▶ [REQUIREMENT]:
Everything from the line with "Fotel wypoczynkowy z" down to the line with "le linehouse empile" below must be printed exactly, those two lines included. Exclude pictures.

**** DATA FOR THIS EXERCISE ****

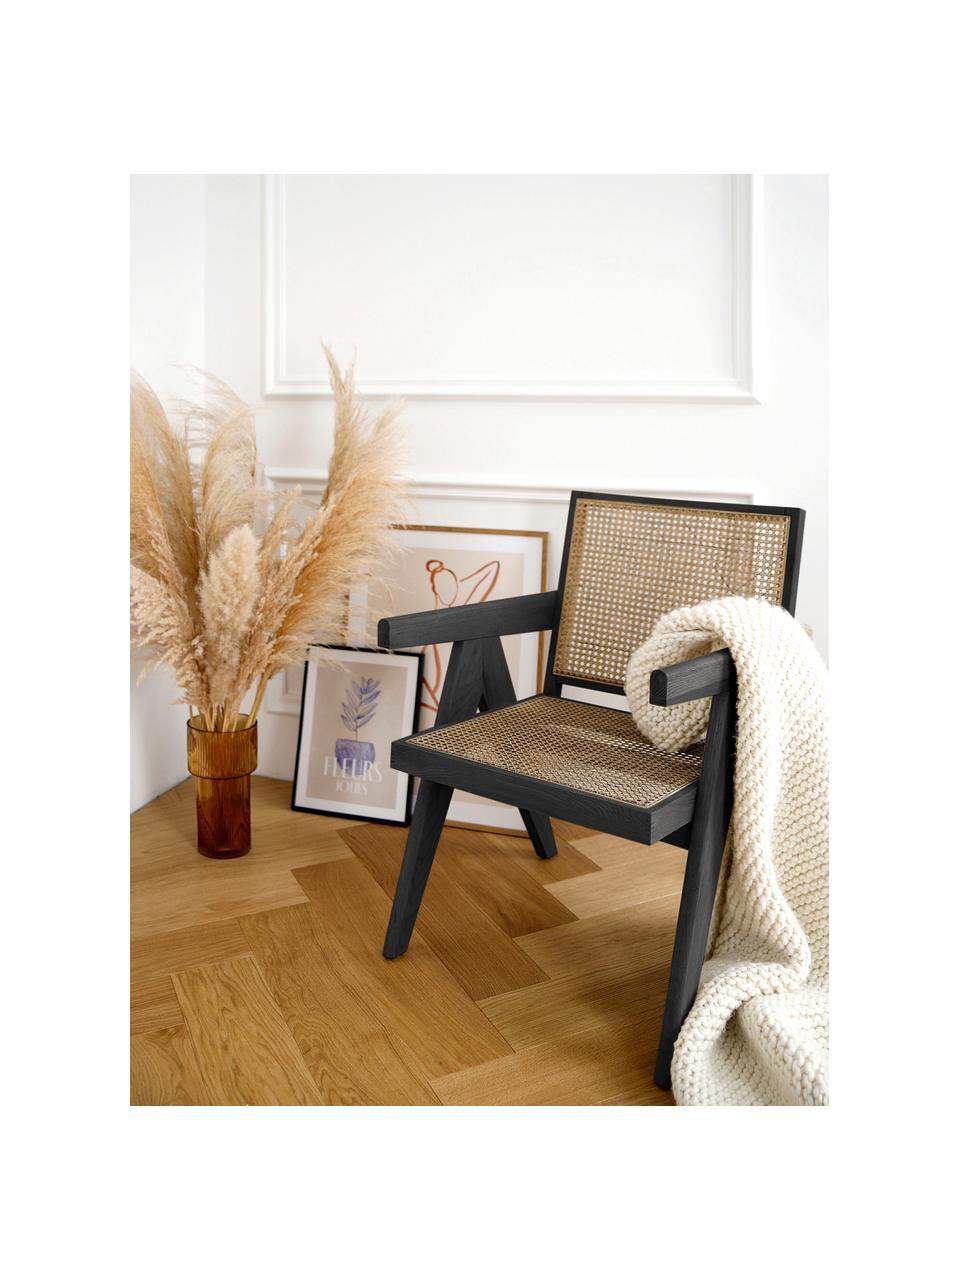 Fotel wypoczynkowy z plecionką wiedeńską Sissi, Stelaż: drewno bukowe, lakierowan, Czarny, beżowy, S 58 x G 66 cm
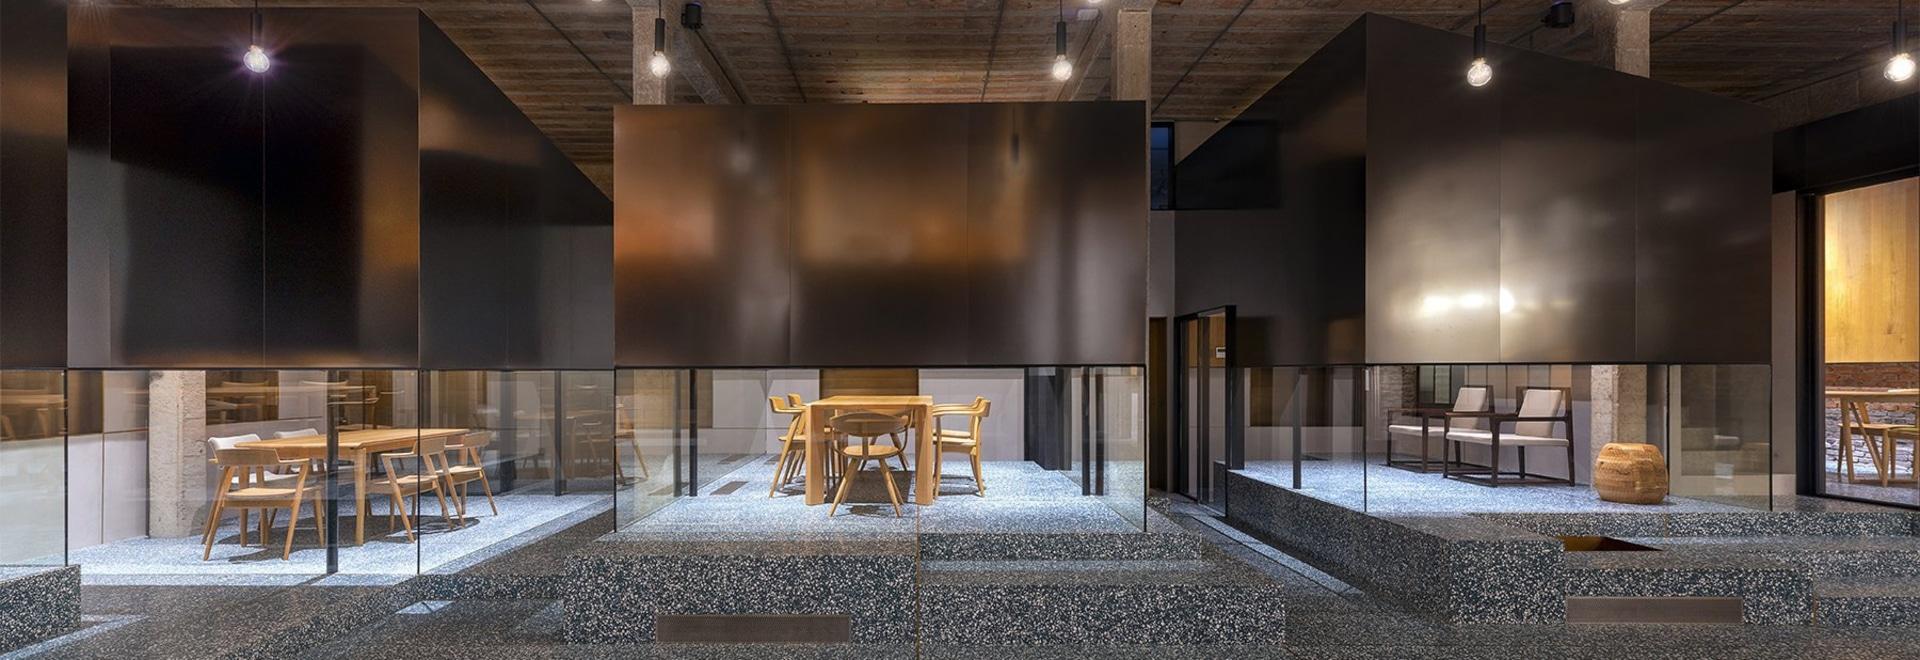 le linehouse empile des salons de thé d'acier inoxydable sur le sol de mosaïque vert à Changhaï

****
**** DATA FOR THIS EXERCISE ****

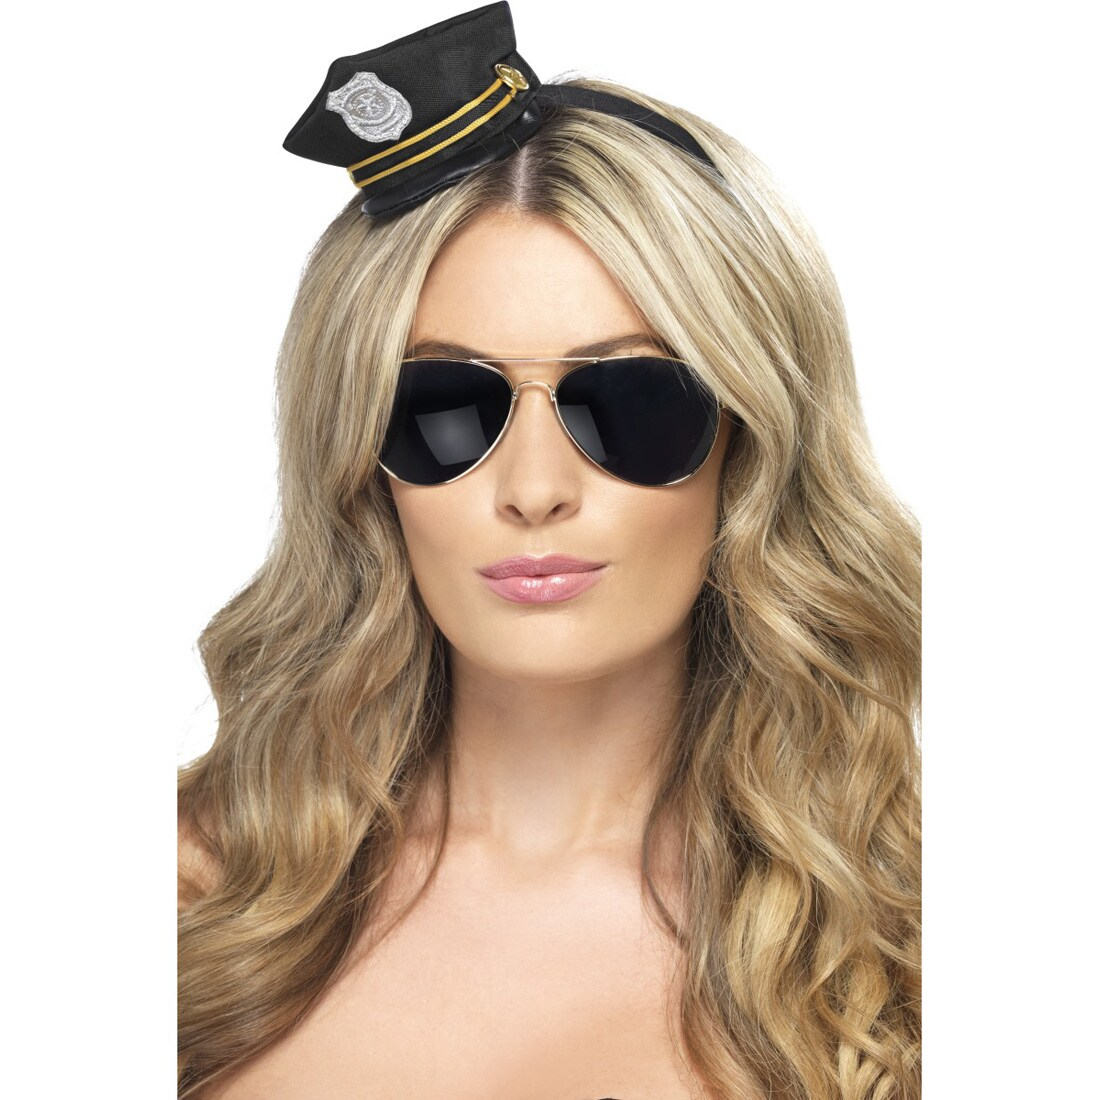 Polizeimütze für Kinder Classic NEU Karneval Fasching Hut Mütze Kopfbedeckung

****

▶ [TASK SOLUTION]:
 Fotel wypoczynkowy z plecionką wiedeńską Sissi, Stelaż: drewno bukowe, lakierowan, Czarny, beżowy, S 58 x G 66 cm
 le linehouse empile des salons de thé d'acier inoxydable sur le sol de mosaïque vert à Changhaï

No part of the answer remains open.